What is required: Return exactly those lines of the material below that fall between the line holding "Untitled (Woman in" and the line holding "Royal Orchard, Multan", inclusive.

Data for analysis:
━━━━━━━━
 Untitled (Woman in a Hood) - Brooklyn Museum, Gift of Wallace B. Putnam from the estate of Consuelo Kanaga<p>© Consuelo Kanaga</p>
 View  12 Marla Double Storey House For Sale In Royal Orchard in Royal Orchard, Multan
━━━━━━━━
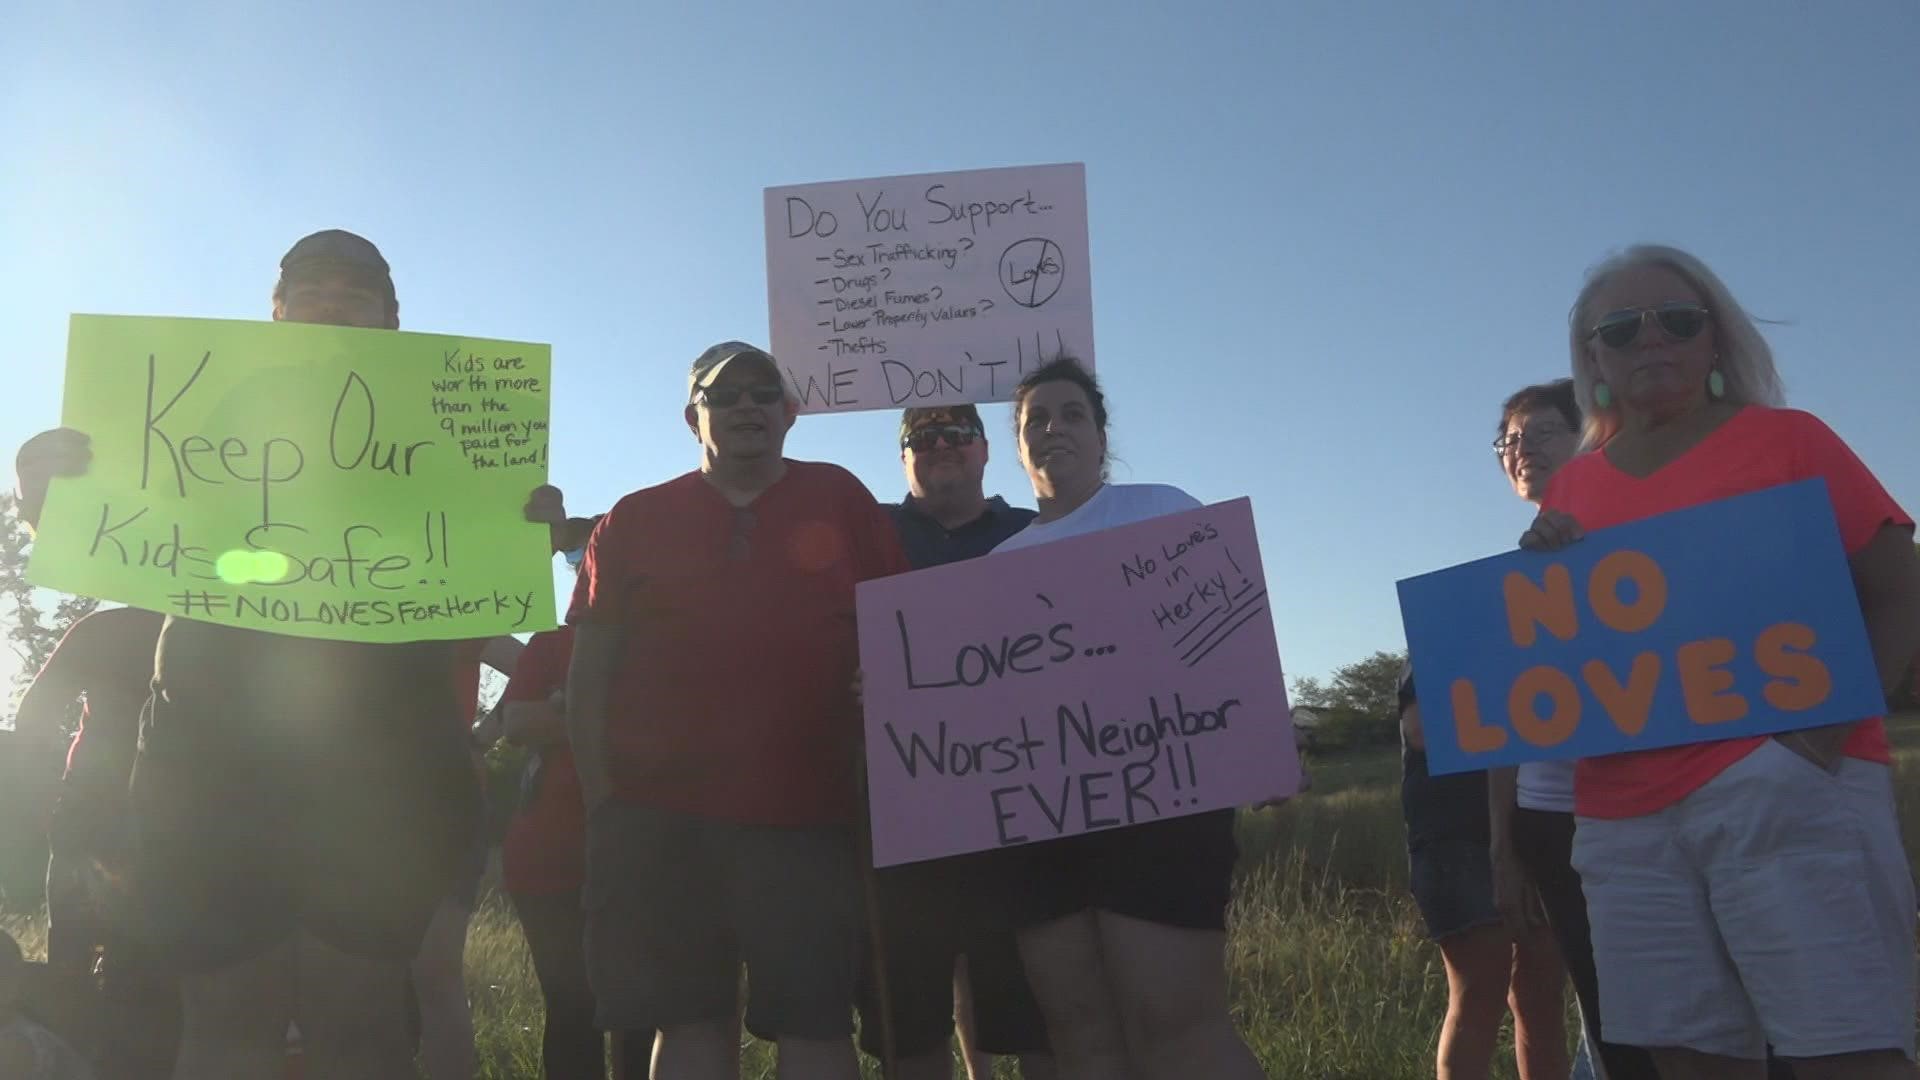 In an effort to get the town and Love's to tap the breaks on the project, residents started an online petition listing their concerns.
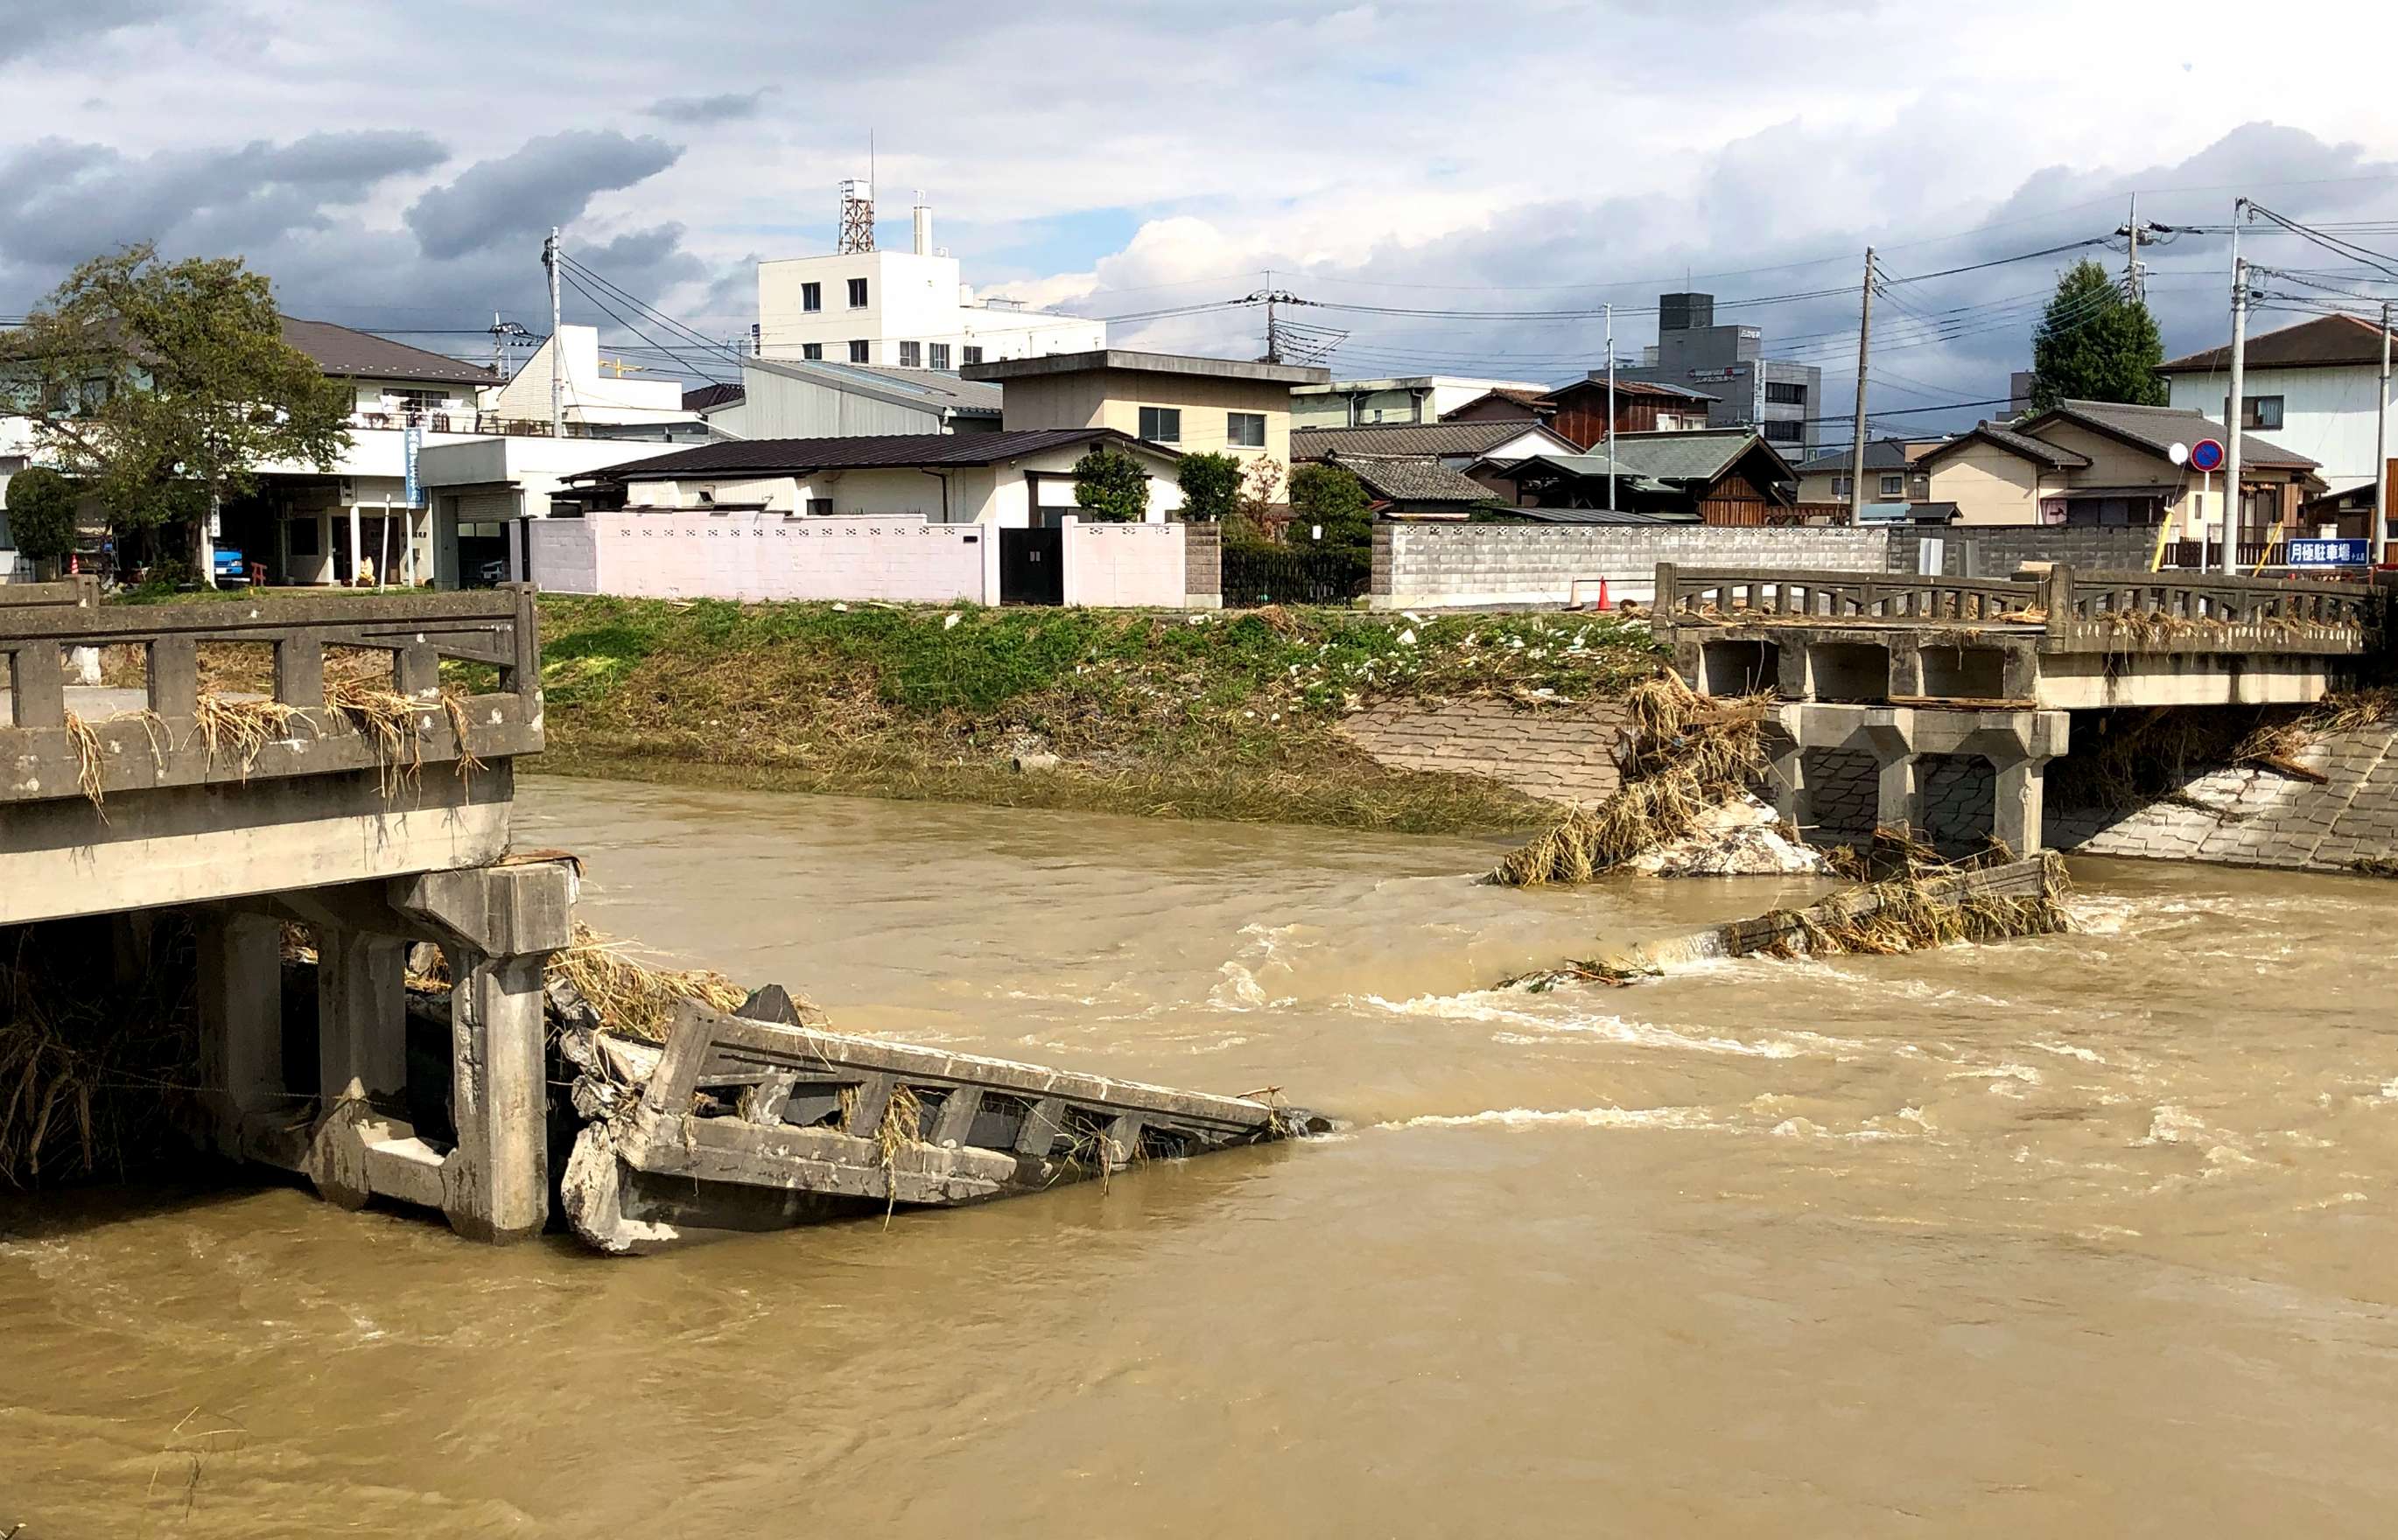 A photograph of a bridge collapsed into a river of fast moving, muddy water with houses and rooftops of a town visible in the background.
━━━━━━━━
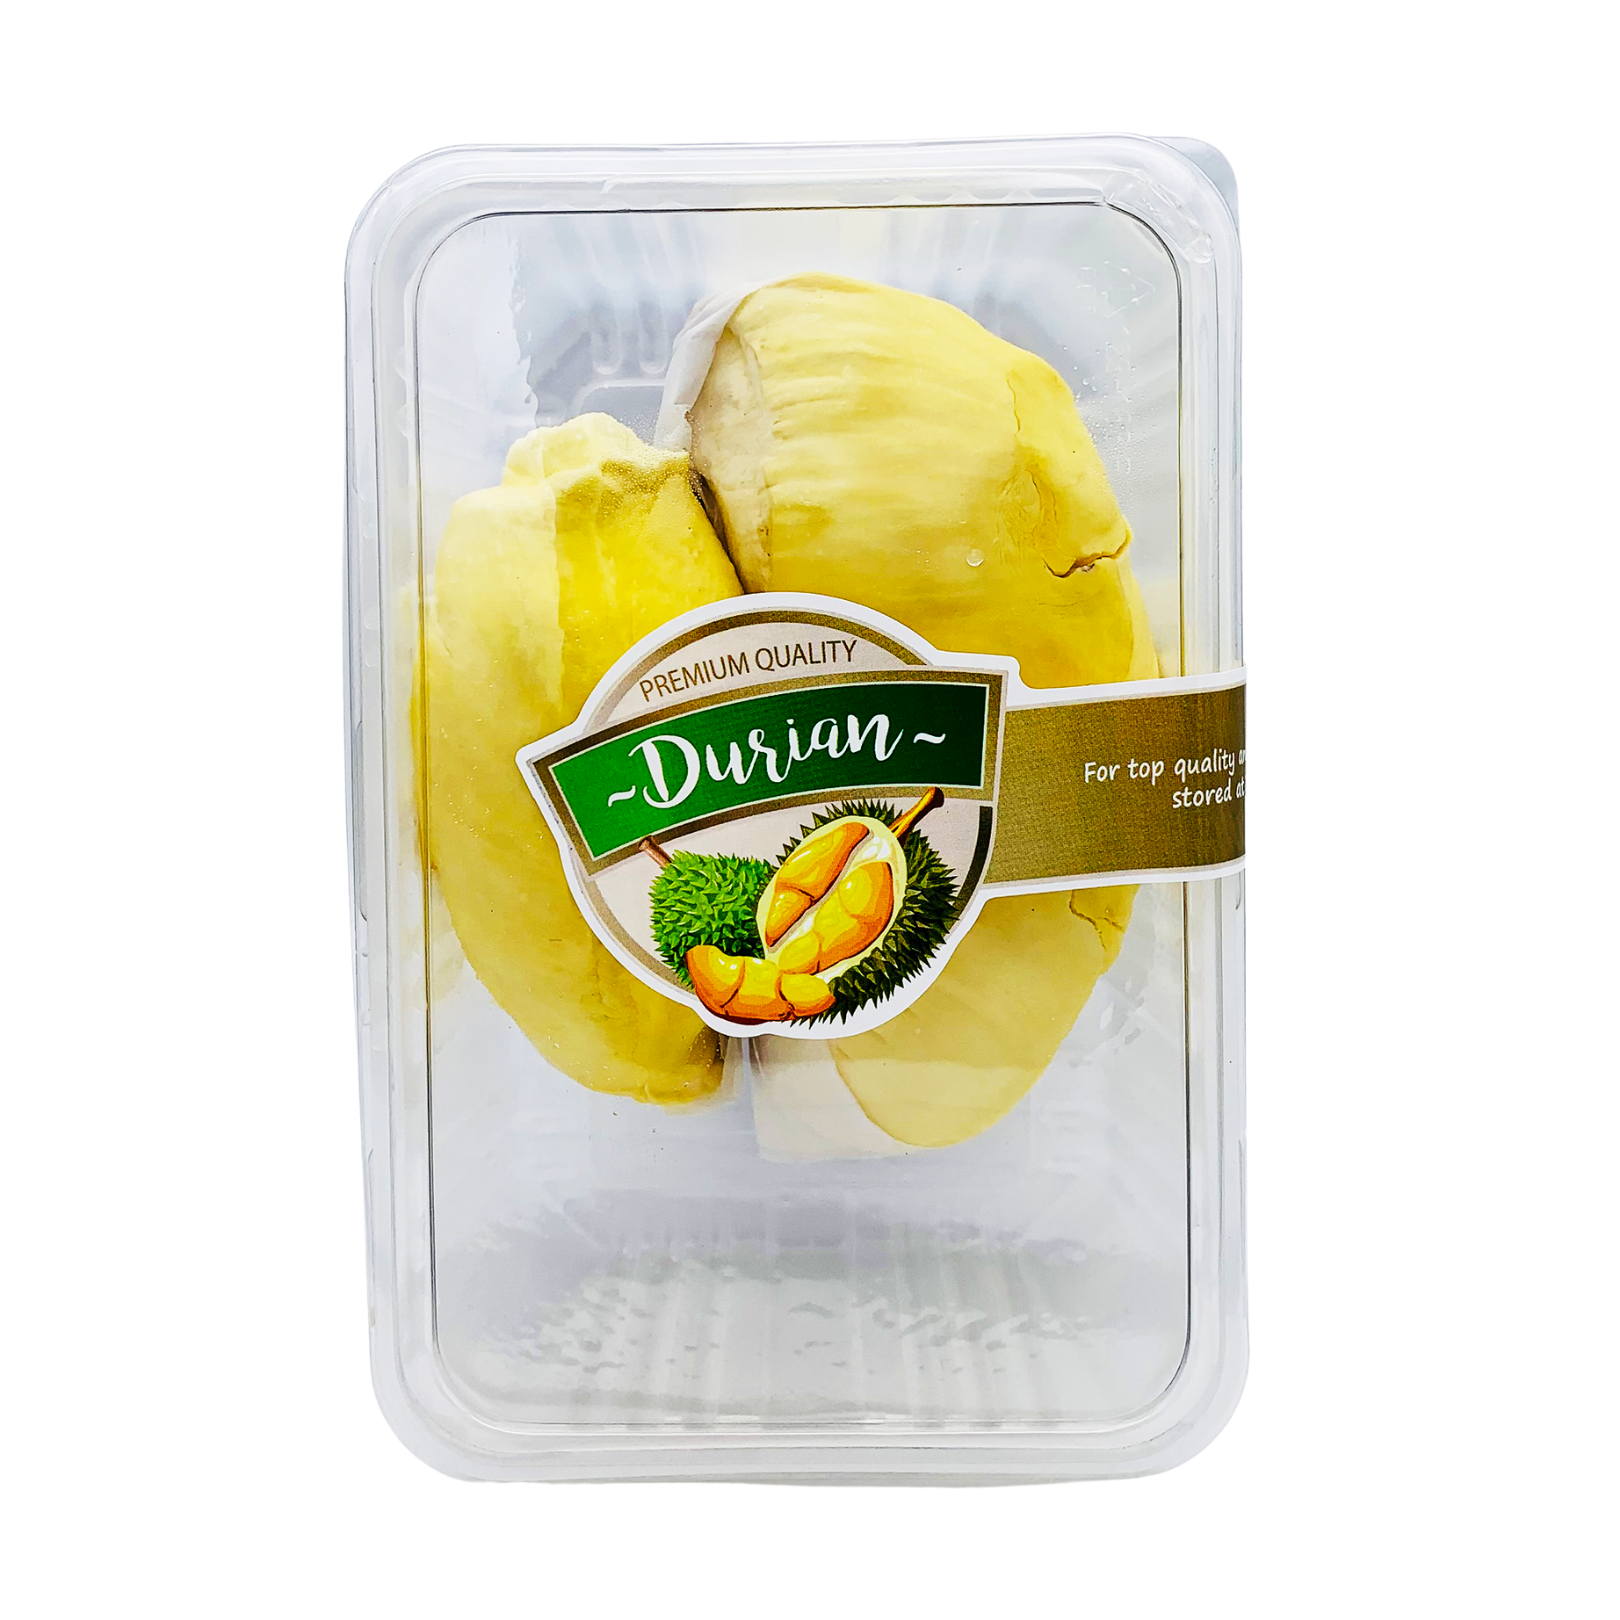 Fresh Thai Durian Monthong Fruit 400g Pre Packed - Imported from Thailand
━━━━━━━━
Answer space:
 Untitled (Woman in a Hood) - Brooklyn Museum, Gift of Wallace B. Putnam from the estate of Consuelo Kanaga<p>© Consuelo Kanaga</p>
 View  12 Marla Double Storey House For Sale In Royal Orchard in Royal Orchard, Multan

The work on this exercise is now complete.